Grace and I have long used a journal during our homeschool time. When she was much younger, she wrote just one sentence and dictated the rest to me. That worked pretty well.
All along, I have helped her to sound out her words and reminded her to put finger spaces between the words and add the capital letters and periods.
She’s in second grade now, and I think I’m helping a little too much. I think she should be taking on more of the responsibility for the writing (spelling, format, and punctuation), and that is causing a lot of friction between the two of us.
In fact, Grace and I are struggling to homeschool right now. It’s day 25 of the cyberschool’s school year, but we are just beginning lesson 8.
It’s not going well at all.
The easy answer to the problem is to go back to “helping” her with the writing part, but I don’t think that’s the right answer.
For the record, I don’t think Grace is unwilling to write. I think she’s unwilling to make a mistake (this is a common problem with exceptionally gifted kids), and she is overwhelmed by all the parts of writing. She can’t do it perfectly, so she refuses to try.
It’s a work in progress.
Today, I made her write 3 or 4 sentences in her journal (about a story we’d read together), and the only things we corrected were capital letters at the beginning of the sentences and periods at the end. I left all the spacing and spelling issues alone, fodder for another lesson far away.
The thing is that Grace can read at a level far beyond what she can write. She can spell orally far better than writing words. She can identify parts of sentences and edit written sentences but cannot construct her own.
I’m perplexed by all that, and I’m a little concerned that it indicates a dyslexia-type learning disability. I’m going to consult my experts on that.
Anyway, back to journaling.
I am forcing Grace to take more of the responsibility for her writing, especially in journal writing.
I want Grace to continue to work on her composition skills independent of her handwriting and physical sentence structure skills. I want her to compose thoughts fluently – sentences into paragraphs and paragraphs into pages – even if she can’t write them down yet.
I started with the struggle of writing words and sentences because I want to stress that we’re working hard on that, but I also want to stress that we’re not ignoring her higher order writing skills.
7 Tips for Helping Struggling Writers
1. Begin with a compelling assignment or journal. I asked Katie Clemons, the wonderful creator of Gadanke journals, to send us a My Mom and Me journal because it is exactly the kind of thing that Grace craves – time to really connect with me. She asks to write in our journal almost every day because she wants time with me, outside of school time or even playing time.
2. Help her to compose her thoughts. Ask questions if you need to. Our journal is good for this because it begins each page with a prompt or question. Talk through the question and help her to organize her thoughts into a few big ideas (what would be the paragraphs if she were writing it out herself). I will say that some of the prompts in My Mom and Me are too abstract for Grace, but she’ll definitely grow into them in the years to come.
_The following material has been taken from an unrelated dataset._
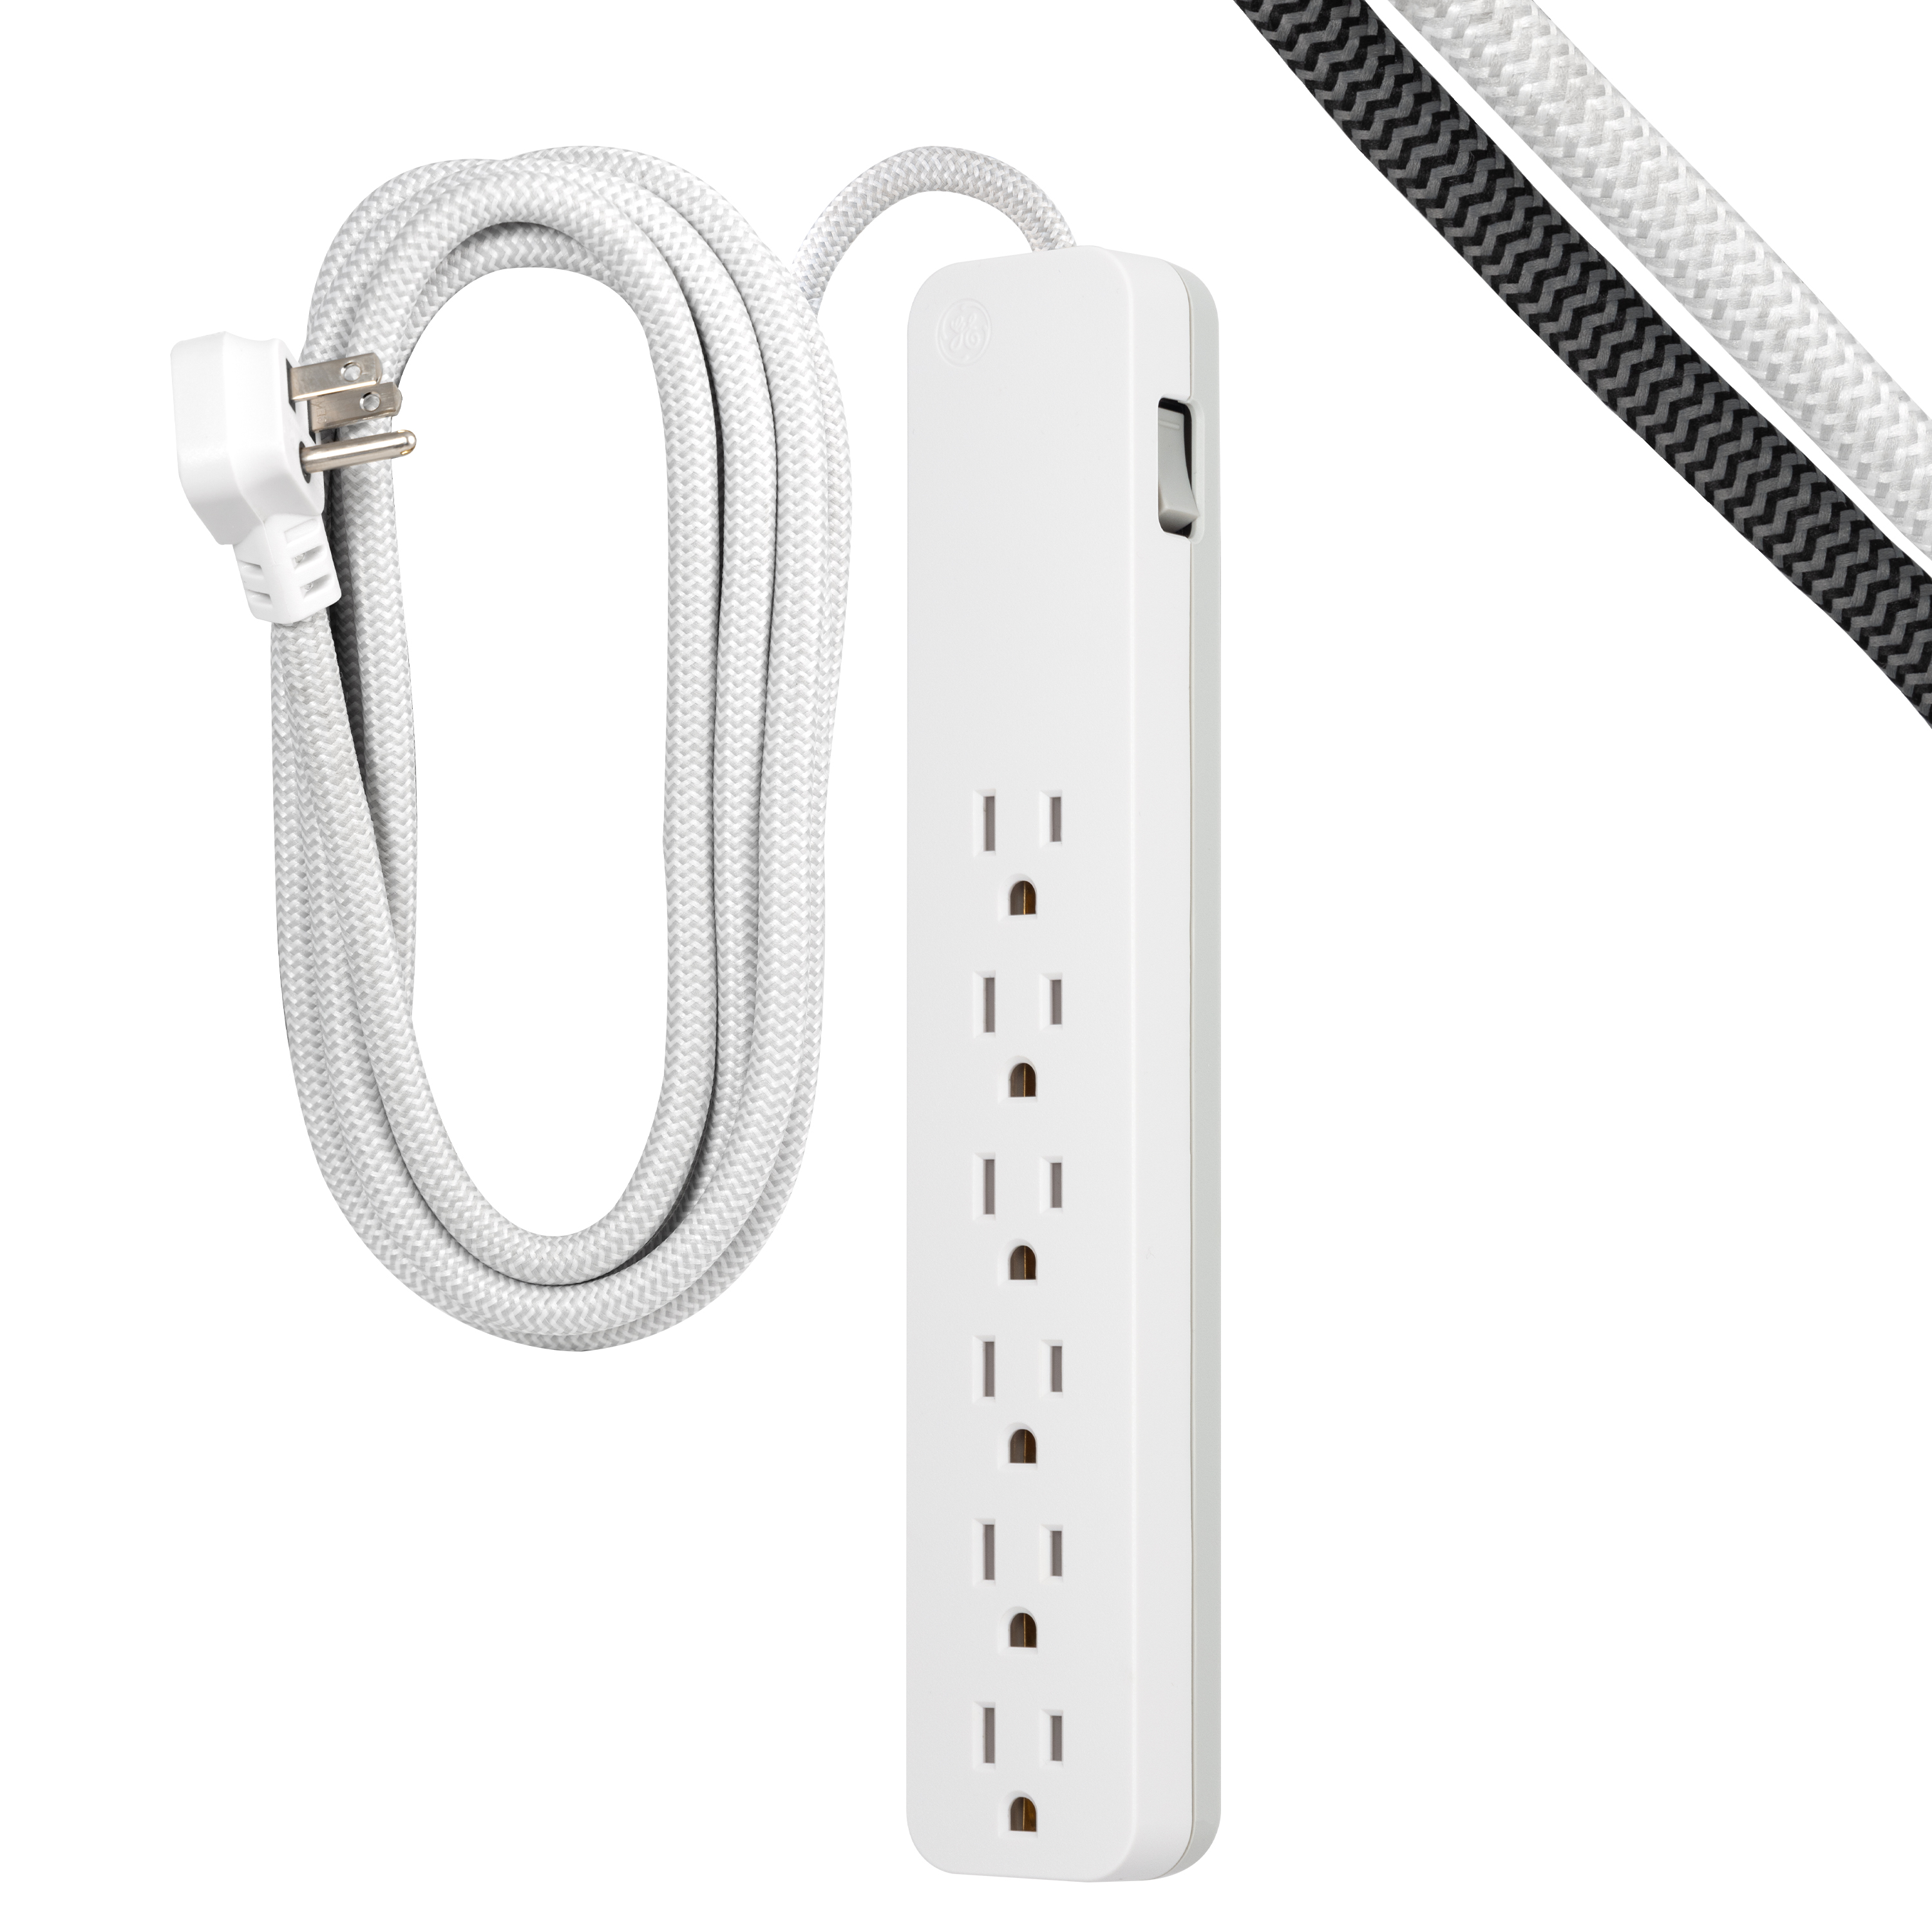 GE 6-Outlet Surge Protector, 840J, 10ft. Braided Cord, White, 62933 - image 1 of 7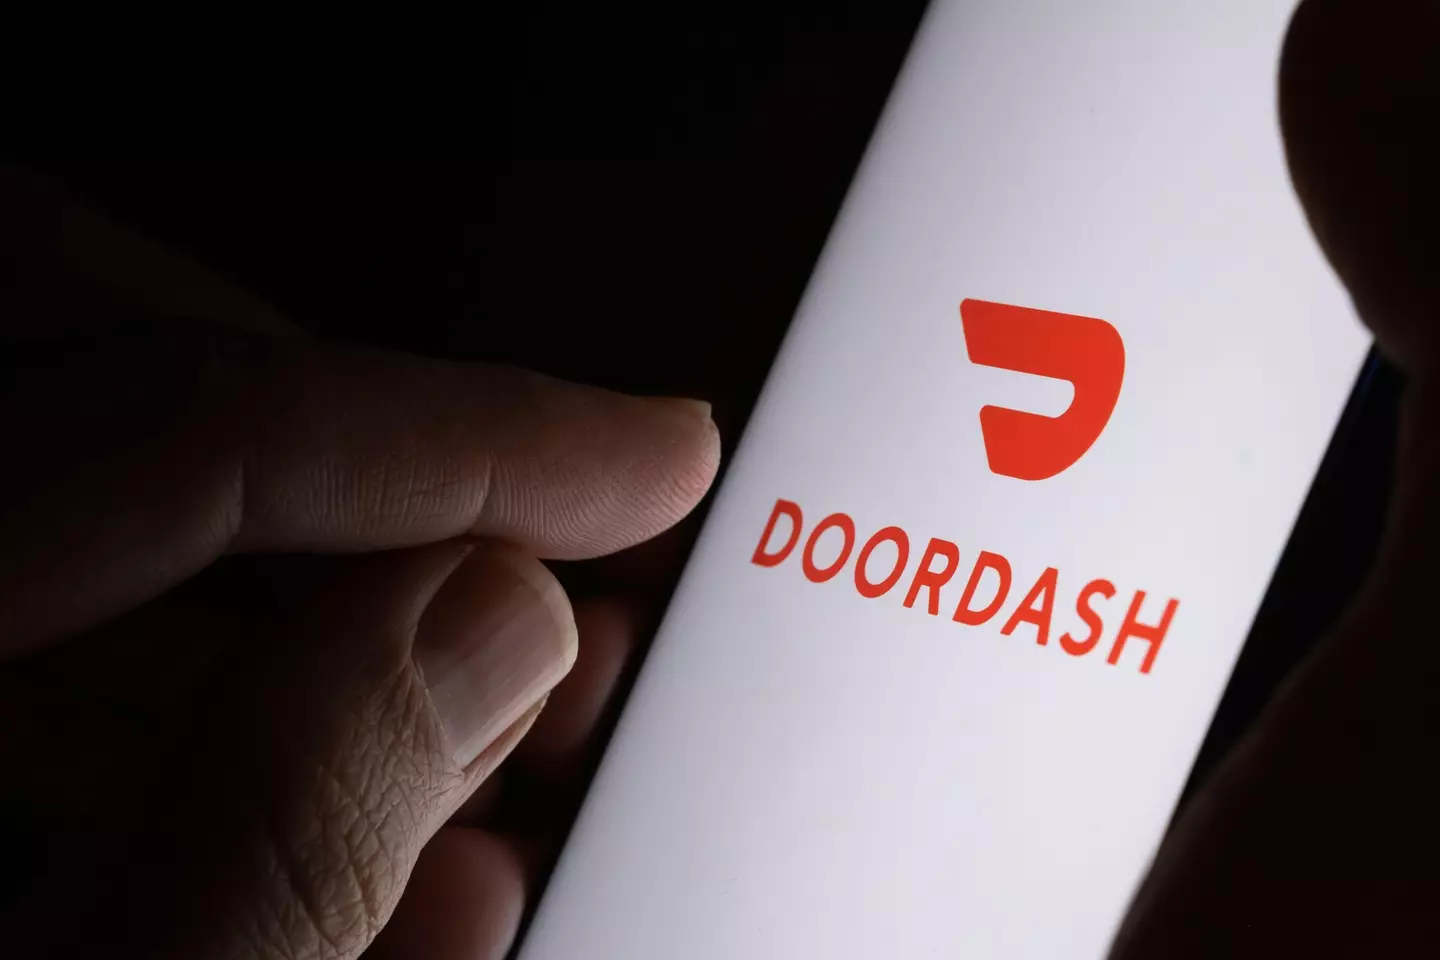 DoorDash responded to the man's complaint.

3. Allow her to dictate to you. Do the writing for her. It is so important for her to learn to put her thoughts into sentences and her sentences into paragraphs and her paragraphs into essays, and if the physical act of writing is a problem for her, then take it out of the equation.
Most important, write exactly what she tells you. Don’t clean up the construction. Don’t add words or delete words. Leave her run-on sentences alone, same with sentence fragments. Just write her thoughts.
As I mentioned above (extensively), you still have to work on the act of handwriting and the mechanics of writing sentences and such. But those two skills are entirely different from composing thoughts and writing, and you shouldn’t let the former limit the latter.
4. Ask questions. Ask a lot of open-ended, probing questions. What happened next? Then what? Where else? What else? The purpose of asking questions is to elicit more details for the story. Struggling writers often have trouble getting beyond the bare bones basics of the story. Asking questions prompts them to add more.
5. Compliment her. When you’re having a hard time with something, you want to hear that you’ve done a good job. Right? Find something in the composition to compliment her on. Find something that she’s done well, and tell her.
6. If you think she’s ready for it, have her copy part of the composition. Start small, just a few sentences at first. Help her pay attention to the correct spelling, mechanics, and formatting of what you have written. Copywork is really good for learning to write better.
7. The next step, after she’s comfortable copying what you’ve written and is gaining confidence in her own writing, is to create a word bank for her to use in her own writing. When she can refer to a list of words or phrases, she’ll feel better equipped to write her own sentences.
How do you encourage your struggling writers?